In your previous mail you wrote: The students can need a /48 for example to be able to easily connect to both commercial ISP and university (the same prefix length argument). => I don't believe in a /48 per student in an university framework, nor in commercial/academic dual homing.
So universities can't be real ISPs by them selves
This is in practise a valid assumption, but I don't think the way you derived it is valid. That is: there is no law (usually) which says the university should give poorer service to its students, staff etc. than ISP's. => there are a lot of laws about what may be done with public money and they give either an AUP which makes the network useless (a standard issue with "research" networks) or some kind of "collaboration" between a commercial ISP (in Europe the "historic" one) and the university. In the second case, there is no more a need for commercial/academic dual homing (a backdoor between the ISP and the internal network of the university is enough) and the "by them-selves" is removed. I really can't see Universities being sued, except if they provide services to those that haven't enrolled or something. => in this part of Europe I saw ISPs put pressure on universities and even local communities in order to "convince" them to not provide services.

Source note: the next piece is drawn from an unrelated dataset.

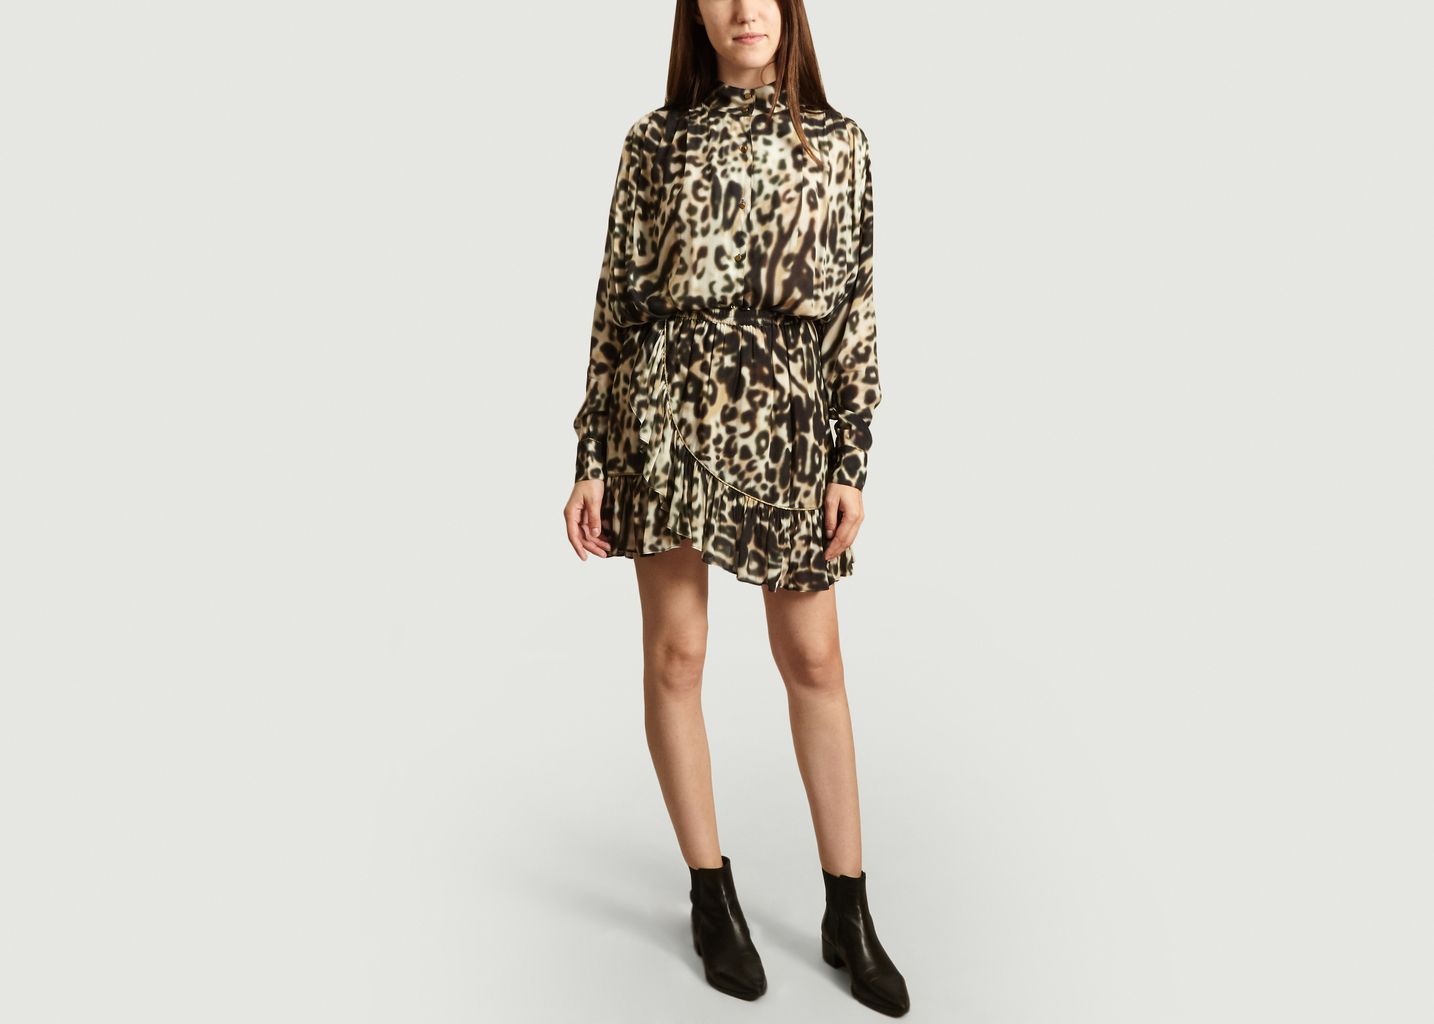 Caetano leopard print shirt - Swildens

But even without this kind of practice, to provide ISP services is not the job of an university and should be avoided when there are other solutions. BTW I don't believe this applies to an USA large university/ campus.
if you are an ISP or an ISP-like organization with a 2 year plan for 200 or more IPv6 /48 customers, the 3 BGP peers with the default-free routing table rule should not be a problem.
You took a different approach here: if Big_Enough_ISP then 3 BGP peers and entries in DFZ should not be a problem This is new (perhaps this is the case, perhaps not. I can easily think of scenarios where small dial-up ISP's have 200 customers but no 3 BGP peers). => small == not big (:-)? IMHO here big enough is tear-N with N very small, and don't forget the 200 customers have to be IPv6 customers. But as was pointed out: if 3 BGP peers and entries in DFZ may not be Big_Enough_ISP from Global Policy point of view This what started this debate: NREN's. Note: in some small countries (Denmark?) there may not be that many Exchange Points or commercial operators that such a peering is possible. => I think the issue is not with UNI-C but with Nordunet which is a NREN and doesn't follow the standard ISP way to do business (of course, a NREN doesn't do business :-). Difference is there.
The real problem is today an organization is supposed to be "large enough" to get a sub-TLA from its RIR or to be connected to such an organization which delegates a prefix. The case where the organization providing the connectivity doesn't provide a prefix too is both against the ideas of "IPv6 Address Allocation and Assignment Global Policy" and perhaps its letter.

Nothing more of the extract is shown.